THE TASK: Give a verbatim copy of the data, leaving the pictures out.

DATA BELOW:
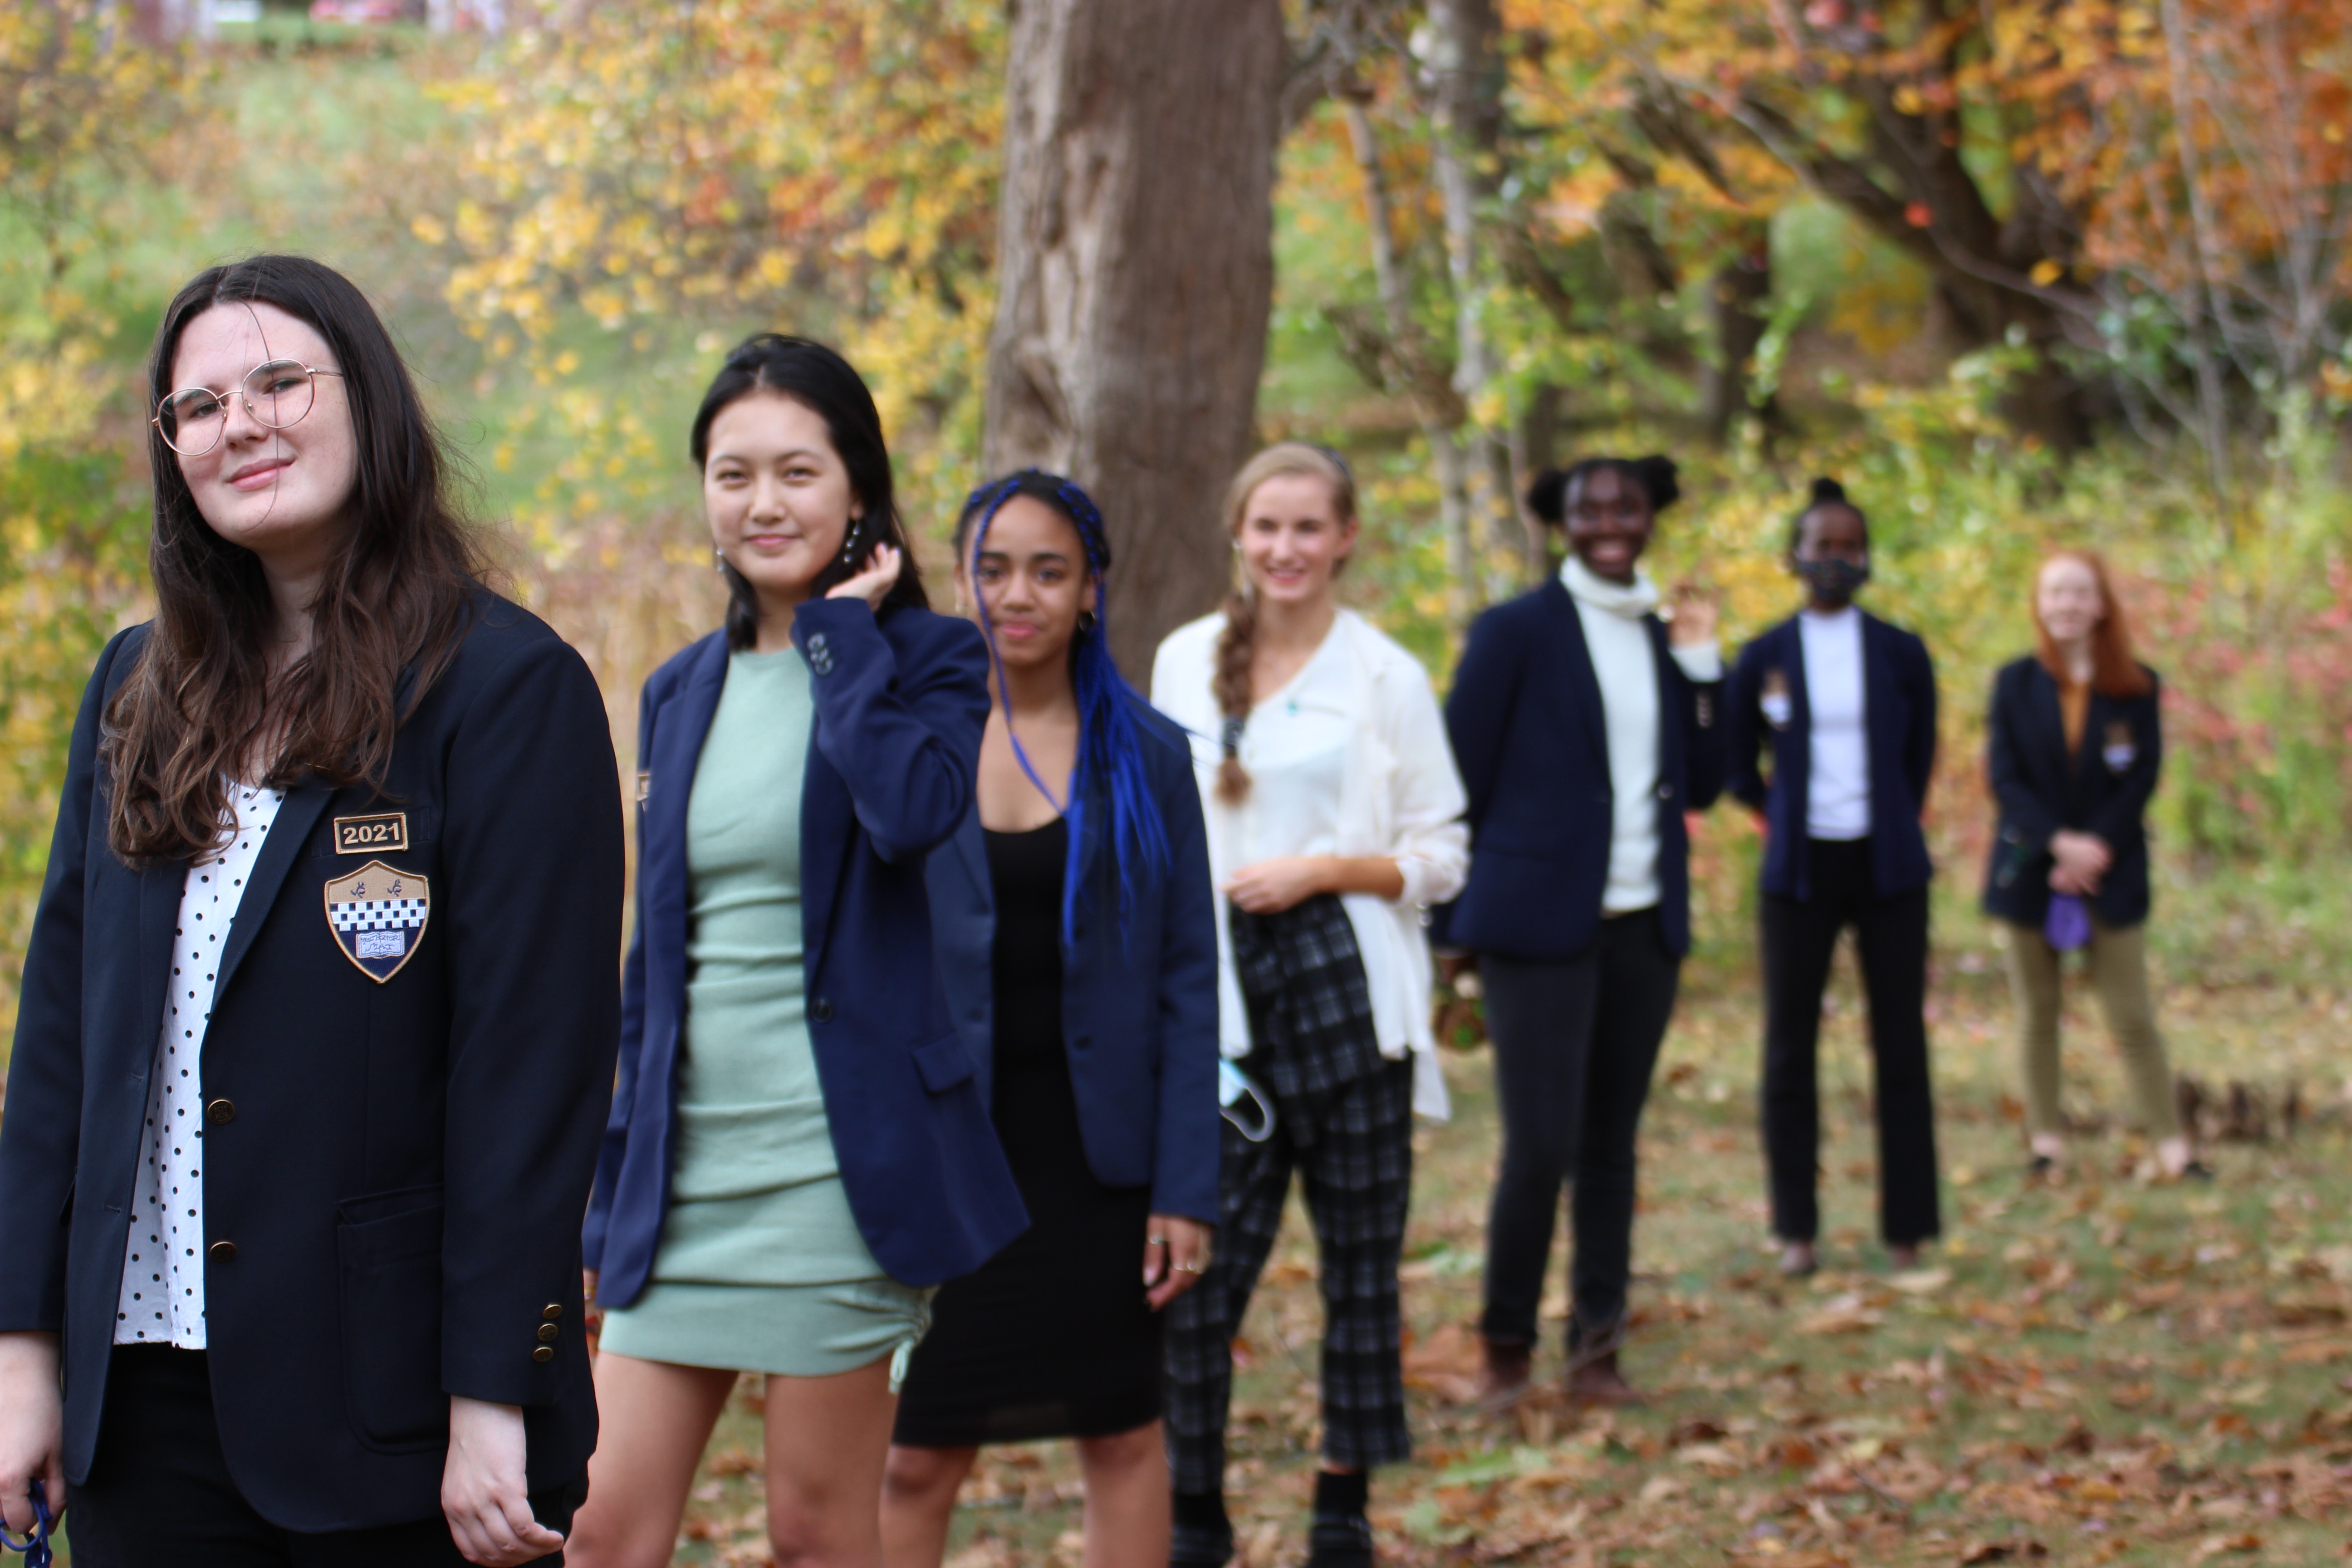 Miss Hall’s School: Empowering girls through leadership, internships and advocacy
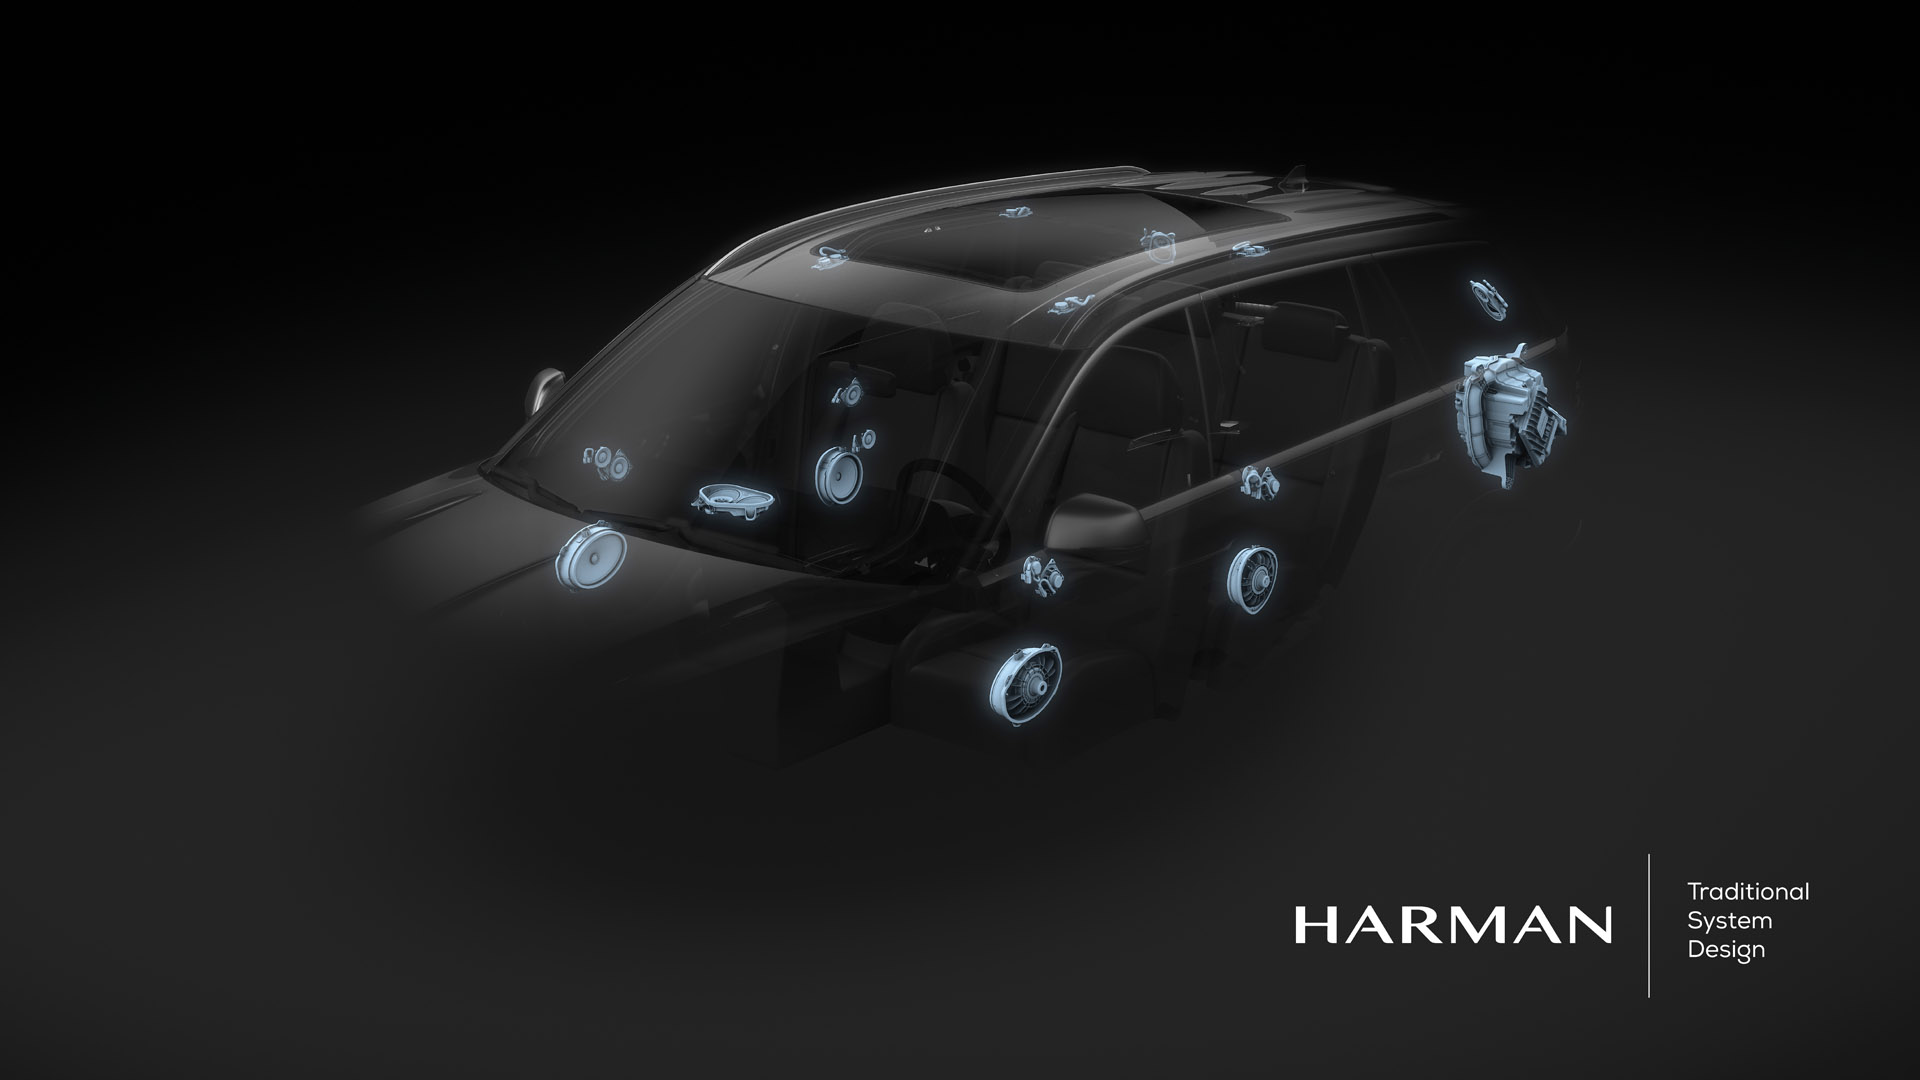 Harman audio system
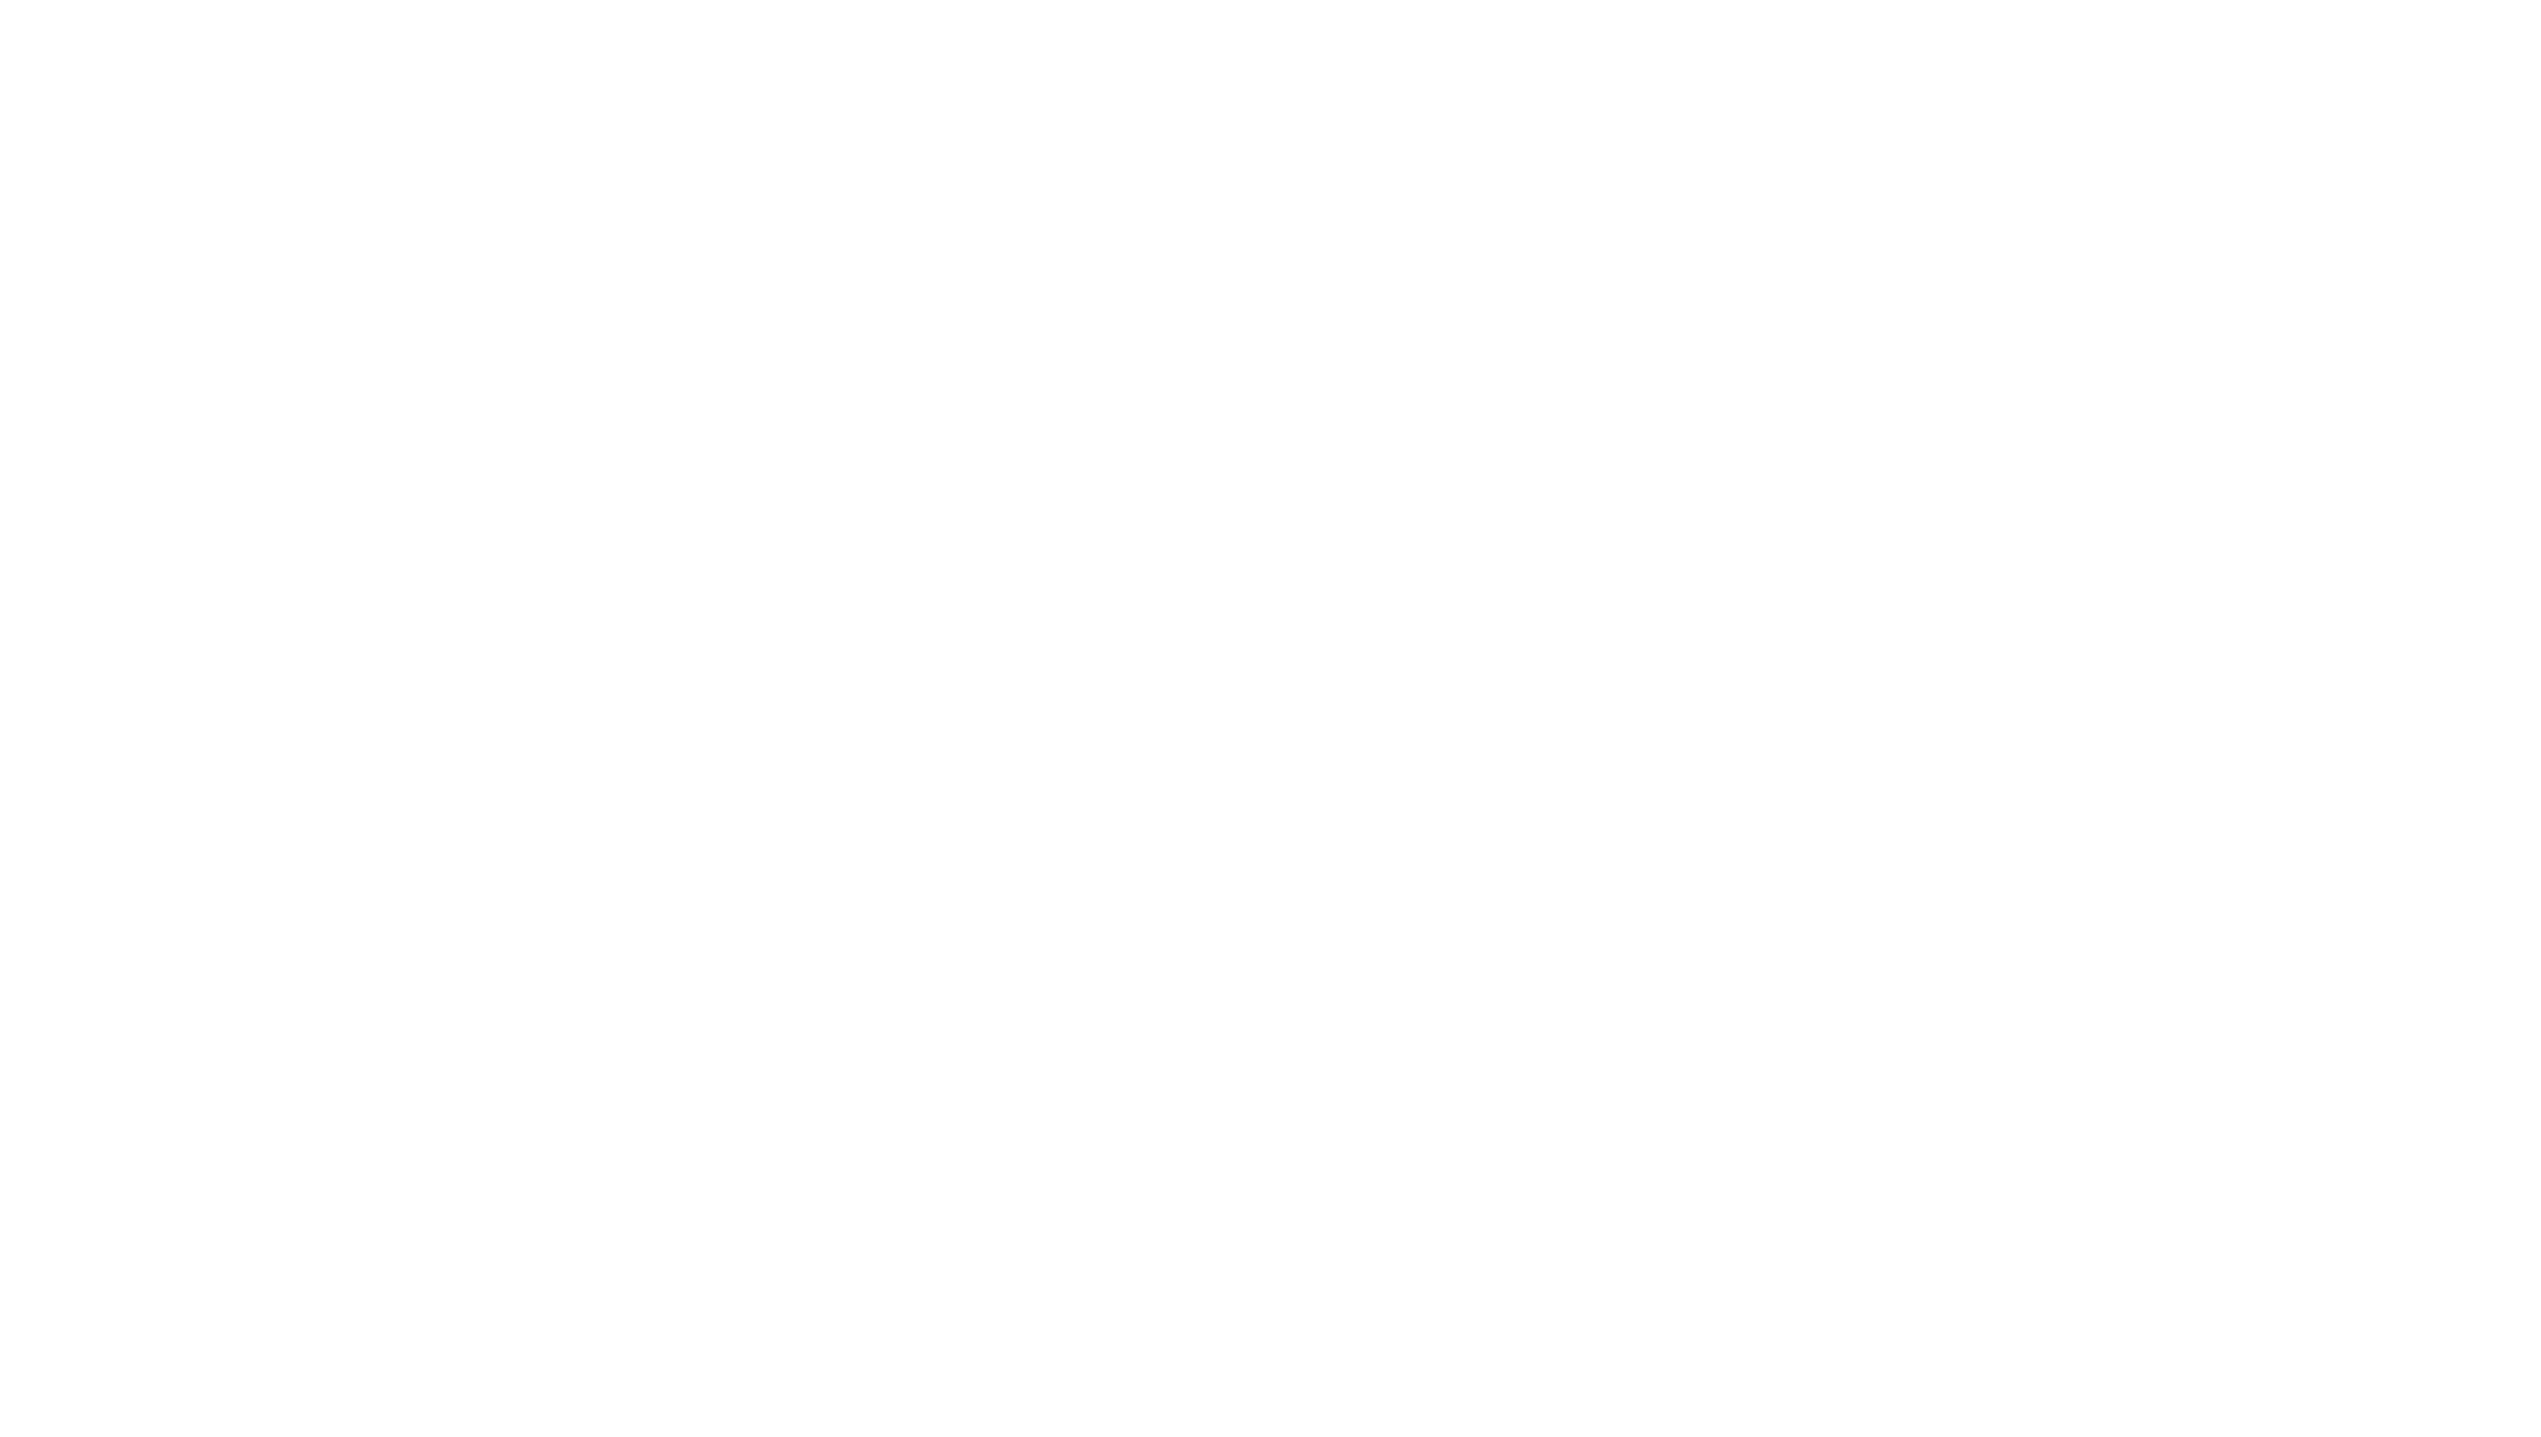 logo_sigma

RESULT:
 Miss Hall’s School: Empowering girls through leadership, internships and advocacy
 Harman audio system
 logo_sigma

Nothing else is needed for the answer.